● **What the task asks**:
Set down exactly, from the records below, the line with "Gender Reveal Party" through the line with "need for speed", and nothing else.

● **Data extracts**:
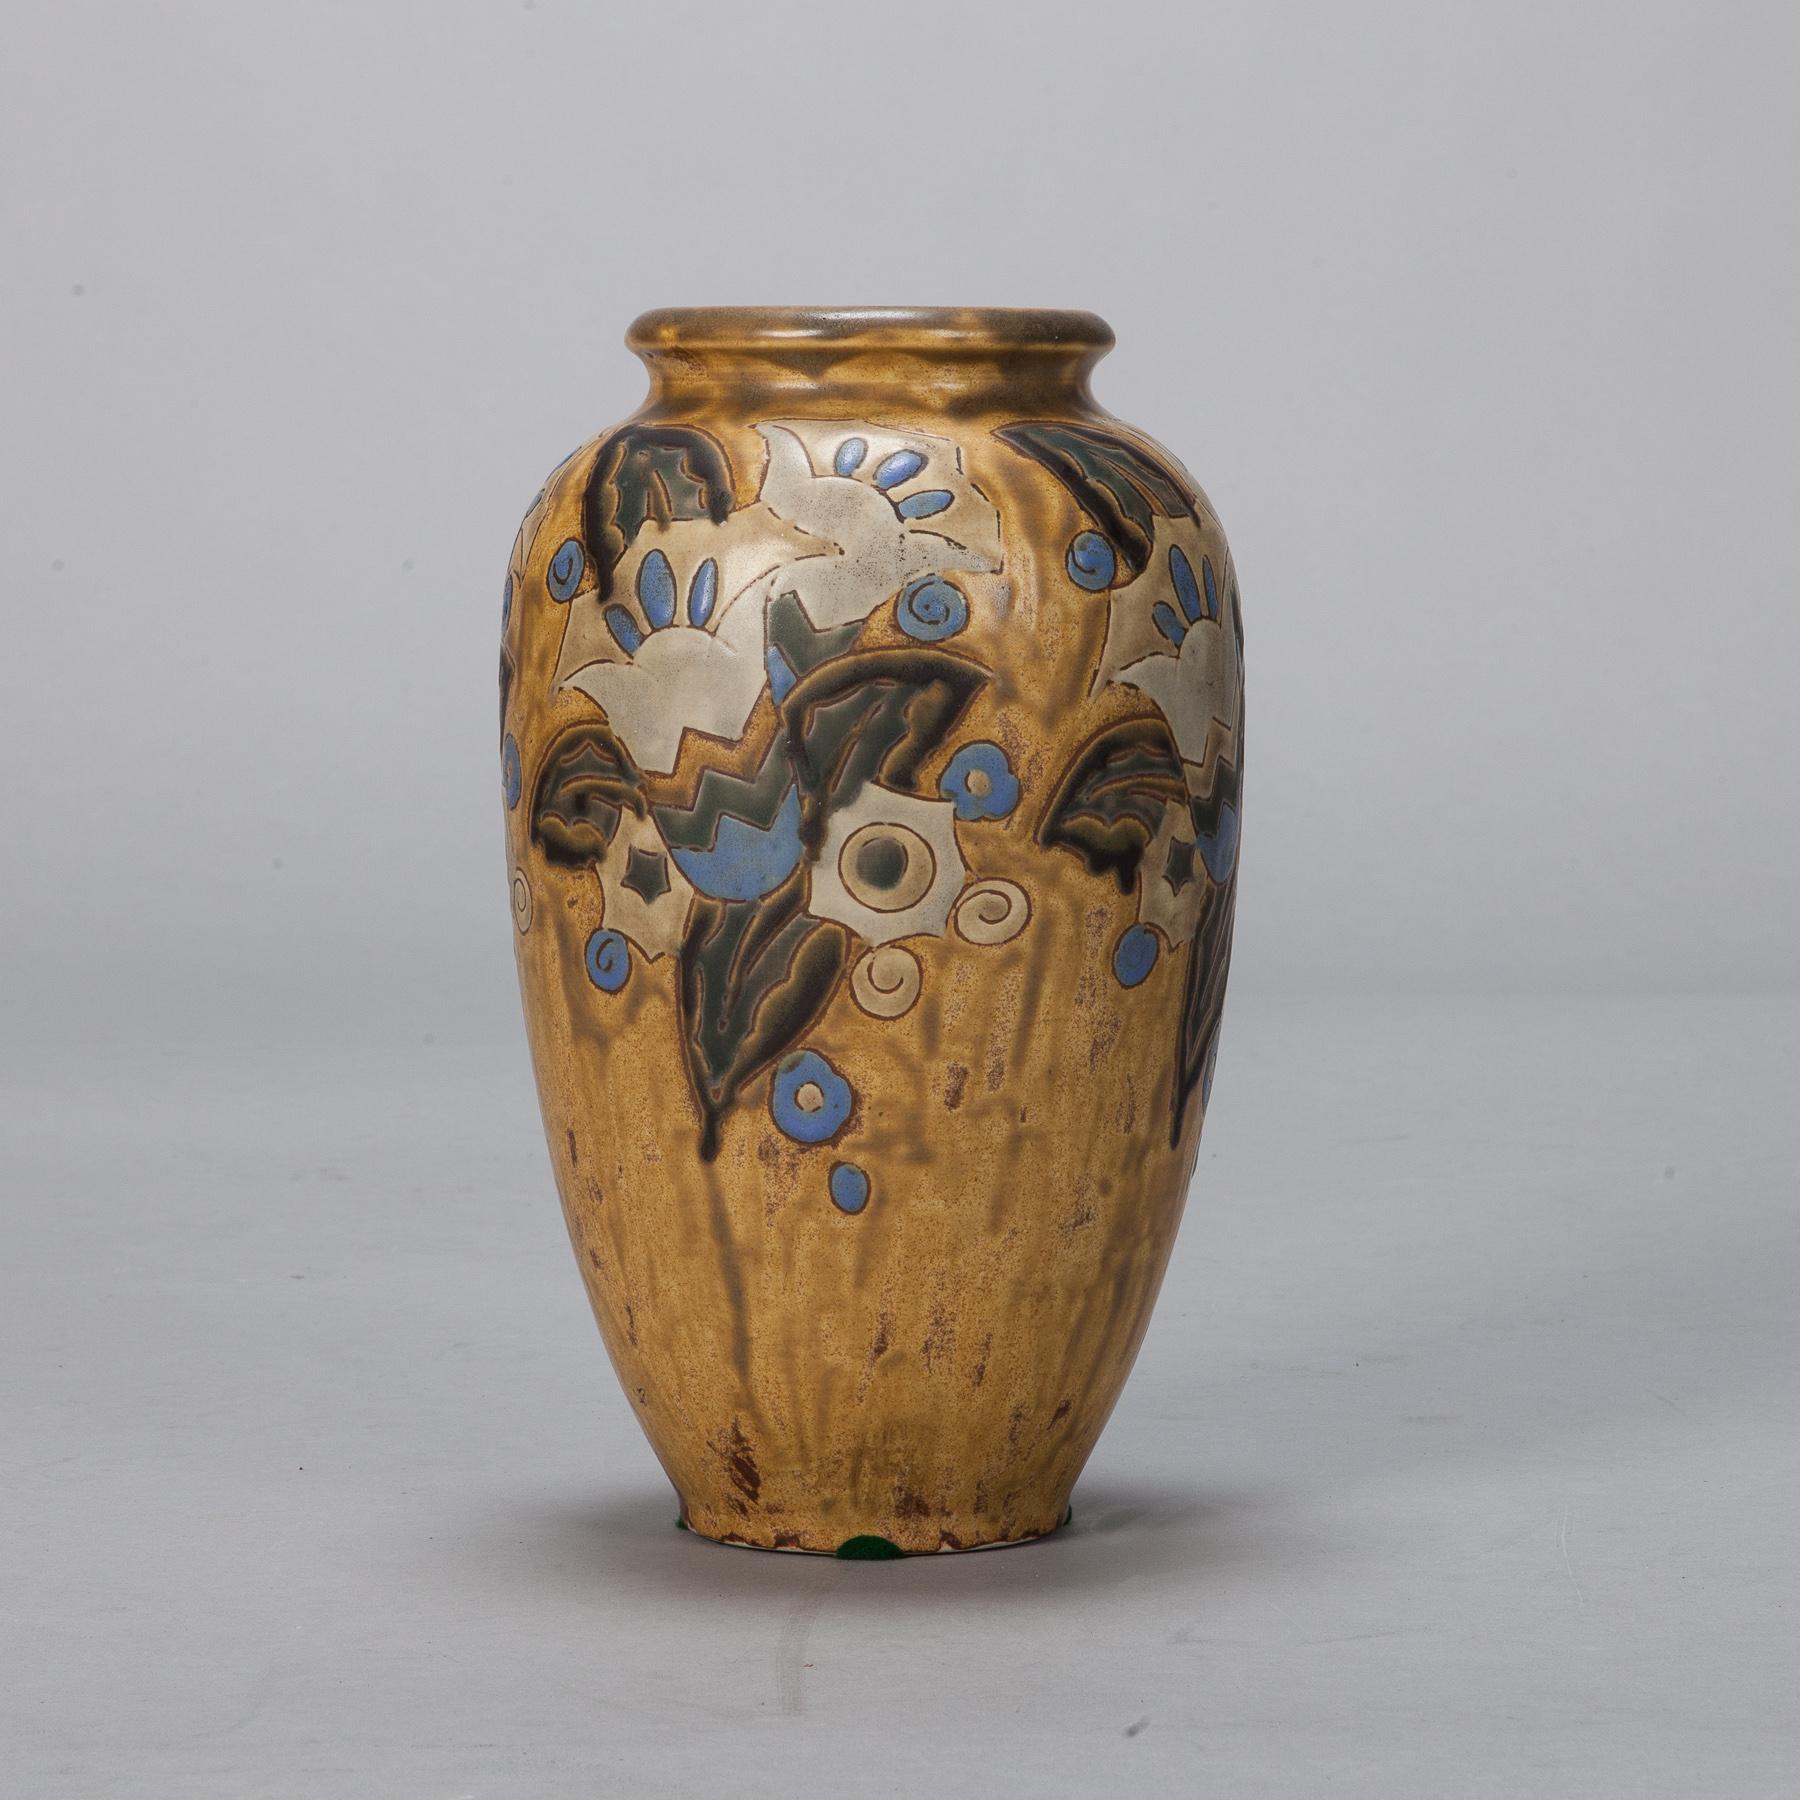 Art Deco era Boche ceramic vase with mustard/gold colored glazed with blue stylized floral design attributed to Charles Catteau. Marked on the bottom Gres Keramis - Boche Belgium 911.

---

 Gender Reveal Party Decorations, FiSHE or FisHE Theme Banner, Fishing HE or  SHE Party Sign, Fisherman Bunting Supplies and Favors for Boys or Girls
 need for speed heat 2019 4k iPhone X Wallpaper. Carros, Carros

● **Result of the task**:
 Gender Reveal Party Decorations, FiSHE or FisHE Theme Banner, Fishing HE or  SHE Party Sign, Fisherman Bunting Supplies and Favors for Boys or Girls
 need for speed heat 2019 4k iPhone X Wallpaper. Carros, Carros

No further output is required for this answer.